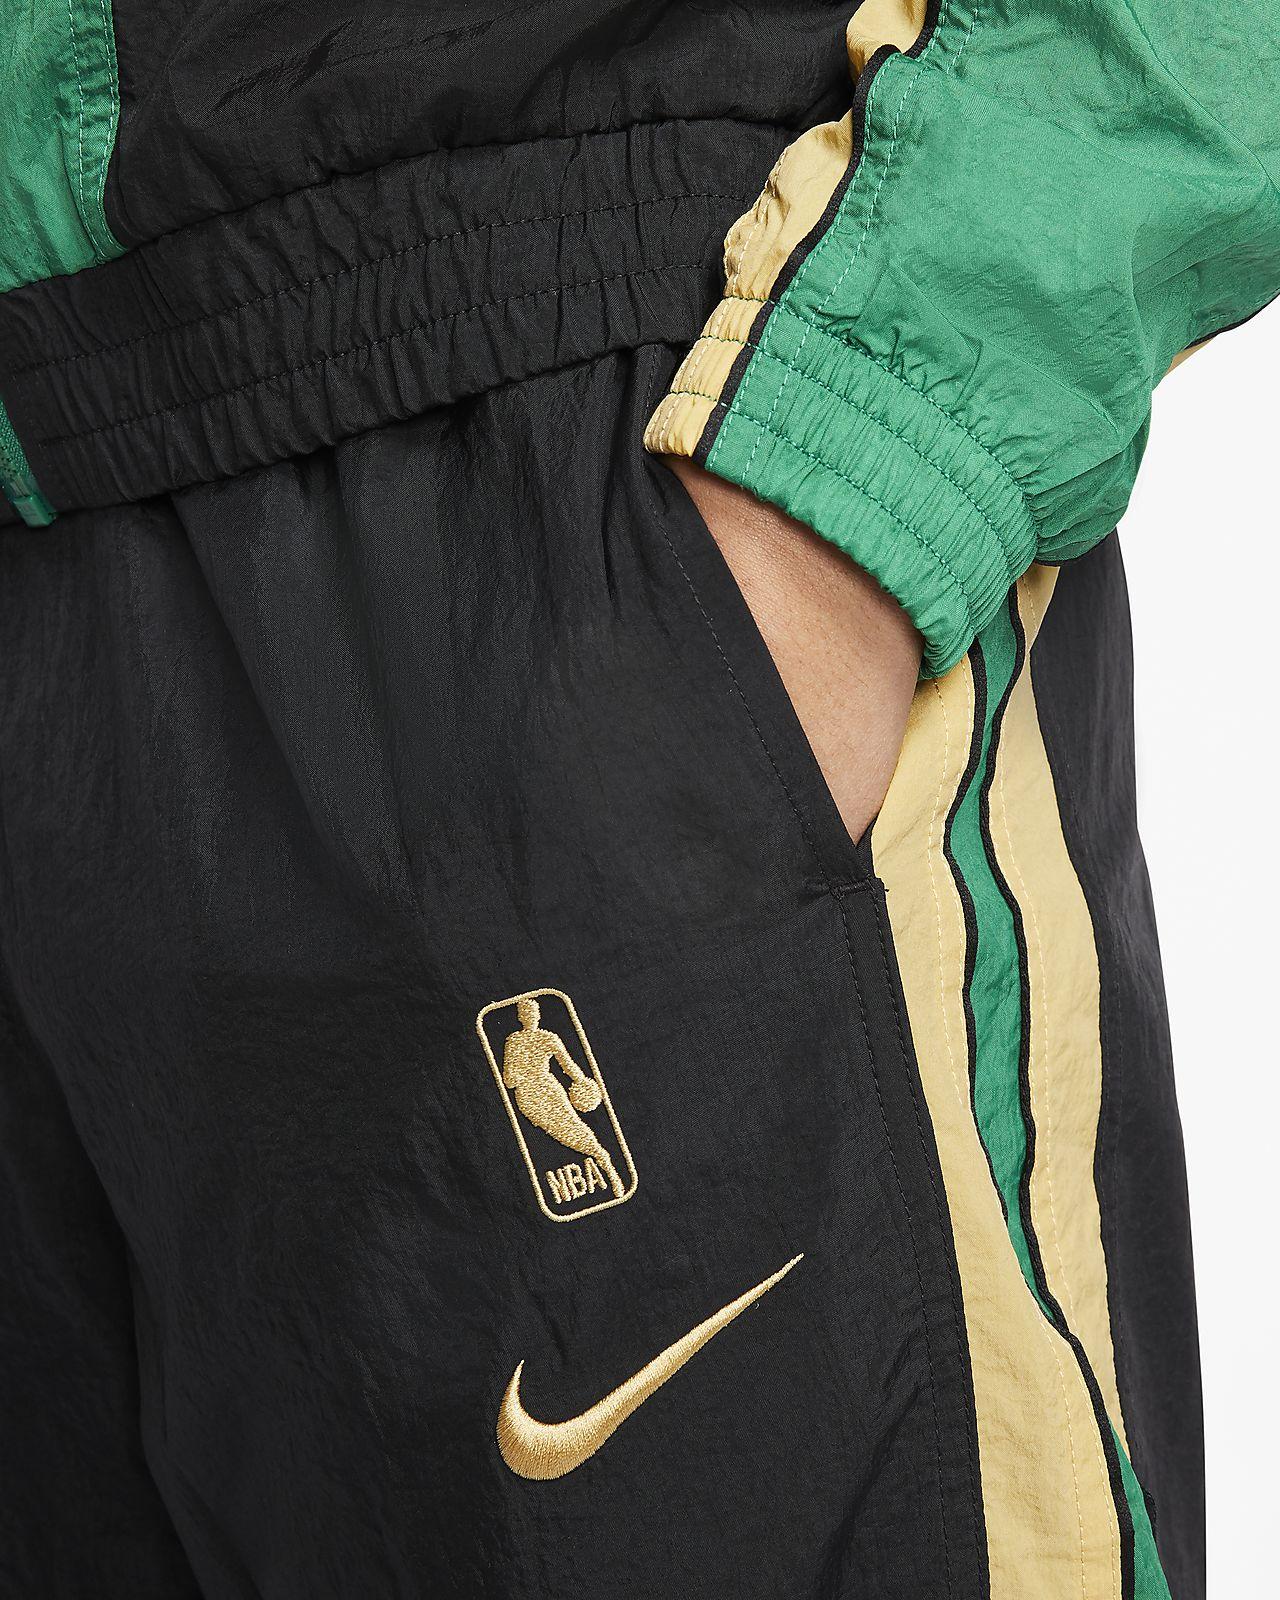 Celtics Courtside City Edition Nike NBA Trainingsanzug für Herren
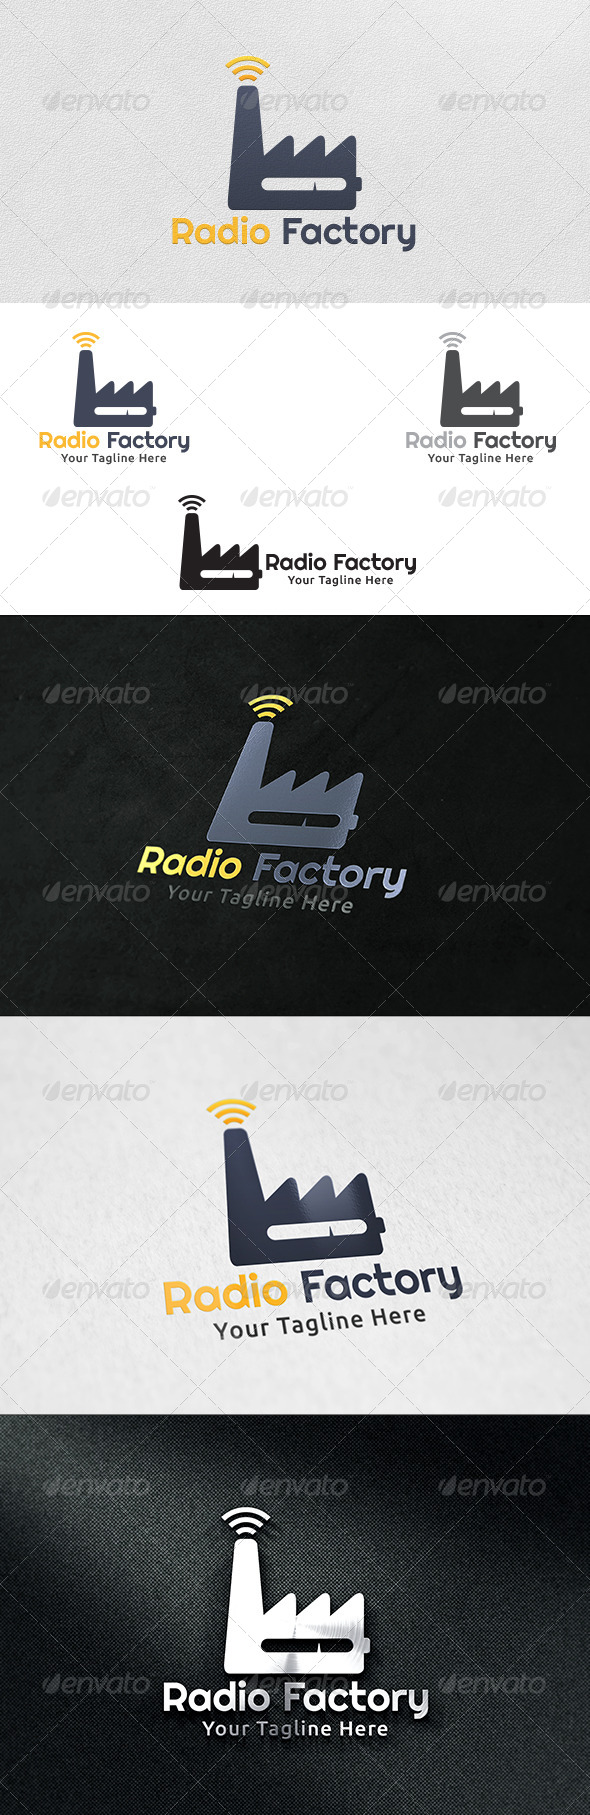 GraphicRiver Radio Factory Logo Template 6205260
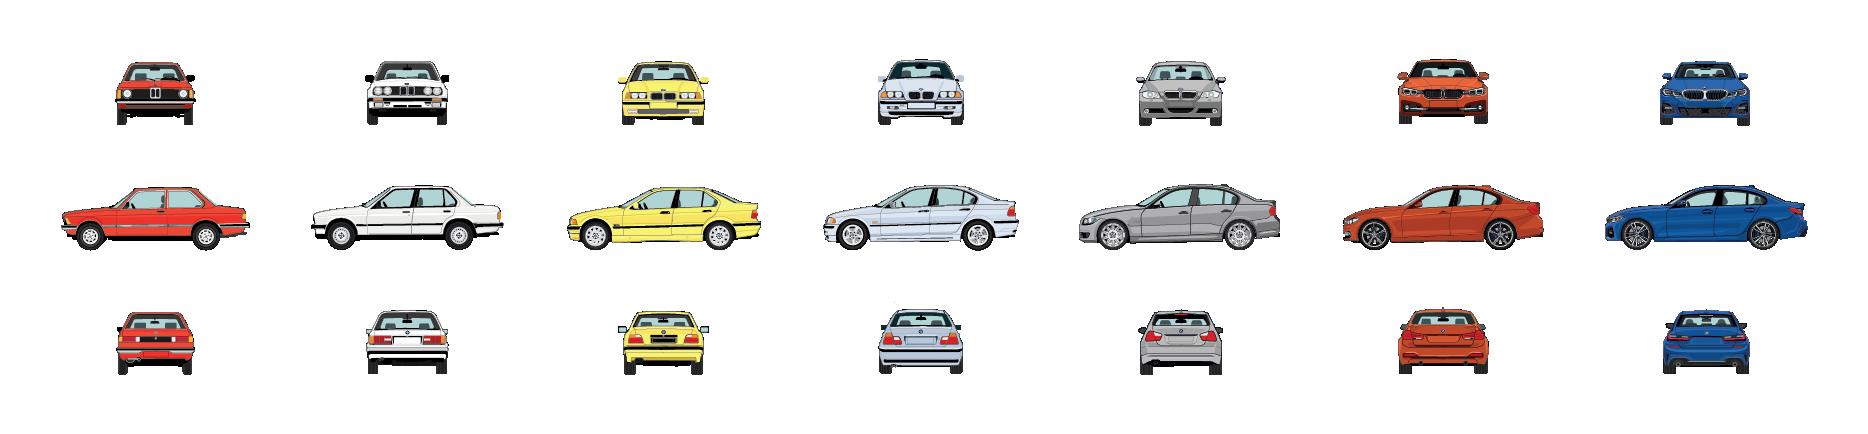 BMW 3 Series: a Journey through the Generations | BMW com

_ _ _ _ _

→ Your assignment
Copy the entire listing exactly but skip the pictures.

→ Completed task
 Celtics Courtside City Edition Nike NBA Trainingsanzug für Herren
 GraphicRiver Radio Factory Logo Template 6205260
 BMW 3 Series: a Journey through the Generations | BMW com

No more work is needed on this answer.